This study reveals the asymmetric characteristics and impacts of CHFDs and NHFDs on terrestrial ecosystems. We also note that our impact assessment does not incorporate parameterizations specific to biomes modulated by anthropogenic activities. In tropical savannas, such as northern Australia and southern Africa—among the world’s most fire-prone landscapes49,50—flash drought impacts can be more severe due to their potential to increase wildfire occurrence while also interacting with recent fire management initiatives. Future assessments should account for the complex interactions and feedbacks between flash droughts, associated hazards such as wildfires, and human adaptation strategies. While it remains challenging to fully understand how flash droughts impact ecosystem productivity across different climates, we call for better preparation of society to hot flash droughts in the future and particularly in the most vulnerable cropland ecosystems.
Methods
ERA5 and ERA5-Land reanalysis datasets
ERA5 is the fifth-generation atmospheric reanalysis of the European Centre for Medium-Range Weather Forecasts (ECMWF), providing estimates of a large number of atmospheric, land and oceanic variables from January 1940 to the present51. The atmospheric model is produced using 4D-Var data assimilation and model forecasts in CY41R2 of the ECMWF Integrated Forecast System and then coupled to a land-surface model (HTESSEL).

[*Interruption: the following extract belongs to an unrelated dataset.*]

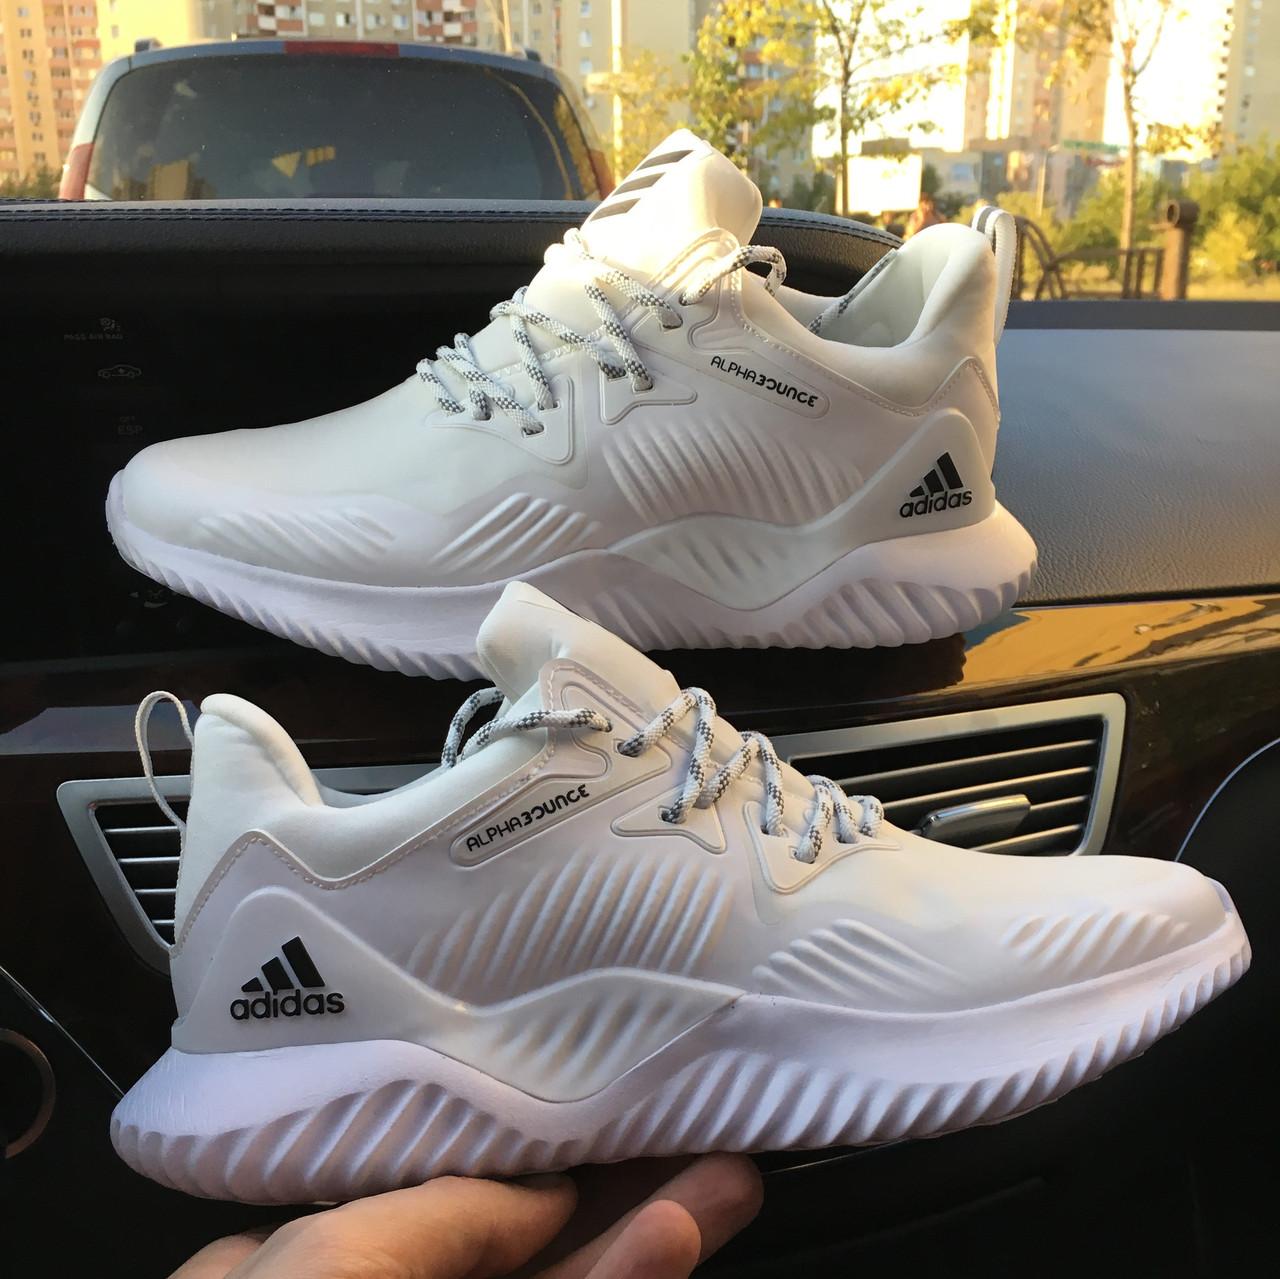 Чоловічі кросівки Adidas Alphabounce Beyond M Elastic face white black, Репліка
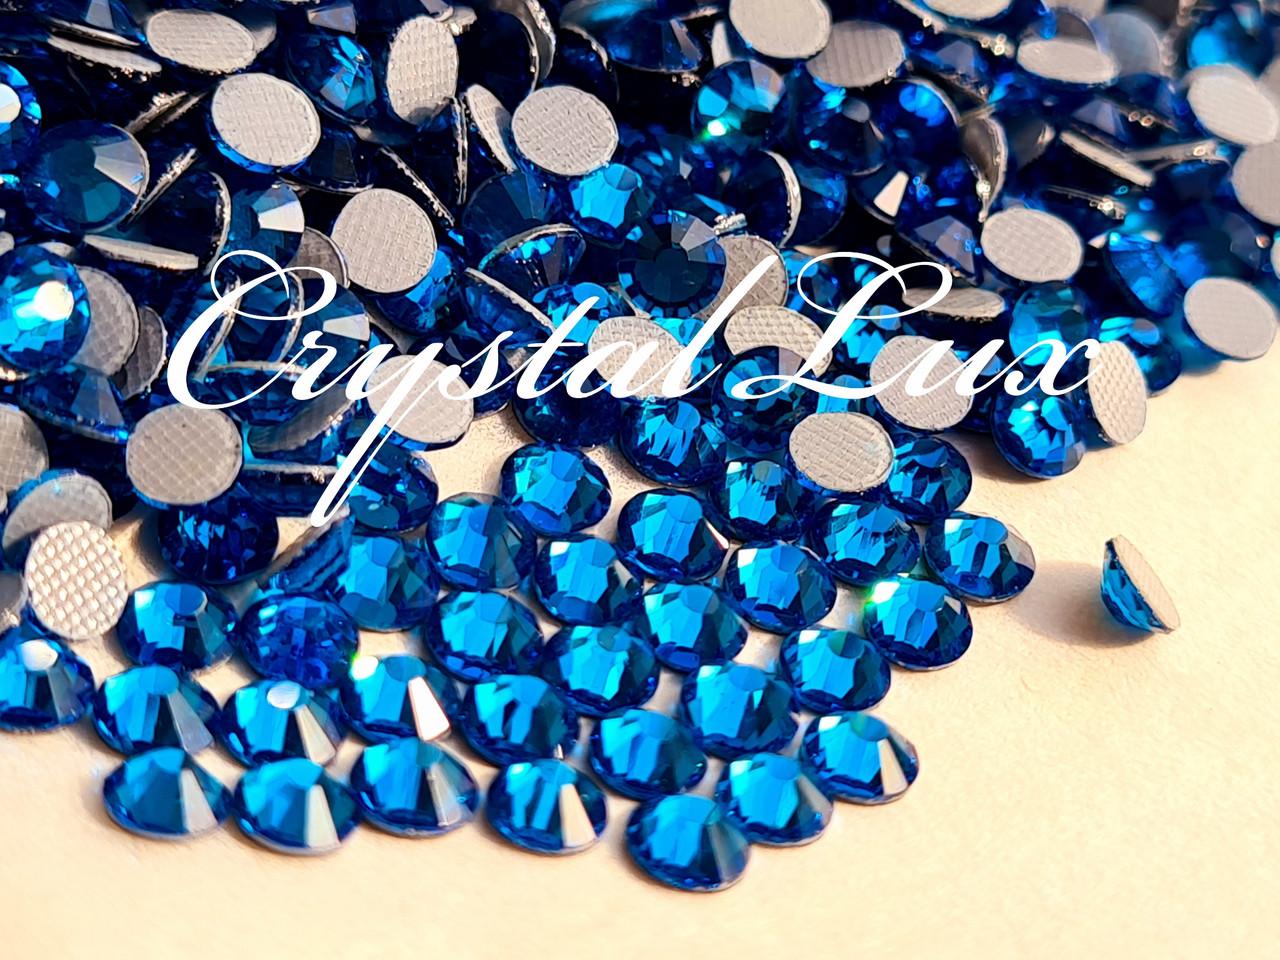 Термо стразы Lux ss16 Capri Blue (4.0mm) 100шт

ERA5-Land, by comparison, was produced by replaying the land component of the ERA5 climate reanalysis52. Specifically, it combines model data with observations across the world into a globally complete and consistent dataset using the laws of physics, and the climate forcing is corrected to account for the altitude difference between grid cells (lapse rate correction). Considering that ERA5-Land is available from 1950 to the present, we extract hydrometeorological variables from 1950 to 2022, that is, 2-m temperature (K), total precipitation (m), 2-m dew-point temperature (K), surface solar radiation flux (W m−2), surface latent heat flux (W m−2), surface sensible heat flux (W m−2) and root-zone soil moisture (m3 m−3). We aggregate the first three soil moisture layers in ERA5 and ERA5-Land outputs (for example, 0–7 cm, 7–28 cm and 28–100 cm) using weights determined by the distance of two adjacent depths to construct the root-zone (0–100 cm) averaged soil moisture: SM0–7cm × 0.07 + SM7–28cm × 0.21 + SM28–100cm × 0.72.
GLEAM and MERRA-2 datasets
The GLEAM output is a hybrid satellite-based modelling dataset dedicated to estimating global evapotranspiration and root-zone soil moisture53. This dataset has been widely used in a variety of applications, especially characterizing drought evolution54. MERRA-2 is the latest atmospheric reanalysis of the modern satellite era produced by NASA30. The land-surface model used in MERRA-2 is the Catchment Land Surface Model, which has the strength of addressing sub-grid-scale soil moisture variability and its effect on river run-off and evapotranspiration. We extract the water root-zone variable (0–100 cm) for this study.
Gridded ecosystem variables
To estimate the impacts of flash droughts on GPP and SIF, we used a Moderate Resolution Imaging Spectroradiometer (MODIS)-retrieved GPP dataset and a machine-learning-constrained SIF dataset19,20. The GPP dataset is based on an improved light use efficiency theory and is driven by satellite data from MODIS and climate data from National Centers for Environmental Prediction (NCEP) Reanalysis II, with a temporal resolution of 8 days for the period 2000–201919. The SIF dataset was generated by training a machine learning algorithm of Orbiting Carbon Observatory-2 (OCO-2) SIF observations and surface reflectance from the MODIS20. This dataset captures the temporal and spatial variability of raw OCO-2 SIF at the far-red band and is strongly related to spatiotemporal variations of GPP. Specifically, we used the clear-sky daily SIF for the period 2001–2022 with a 4-day temporal resolution. To understand the flash drought dynamics in different climate zones and land cover types, we also downloaded the AI from the Global Aridity Index and Potential Evapo-Transpiration Climate Database v355. The AI is defined as the average ratio of precipitation to potential evapotranspiration and has been widely used to measure precipitation availability over atmospheric water demand and to partition climate zones55. The land cover type product is obtained from the MODIS Terra and Aqua reflectance data using supervised classifications56.
Background global biodiversity patterns
To quantify how background biophysical conditions affect carbon uptake under flash droughts, we use a terrestrial species dataset including vascular plants, butterflies, birds and mammals, reflective of biodiversity patterns21. This dataset is derived from a large global database of around 1.9 billion records of plants, butterflies, birds and mammals. It contains more precise biodiversity information than voucher specimens in a natural history collection or direct field observations and has been widely applied in ecology research57.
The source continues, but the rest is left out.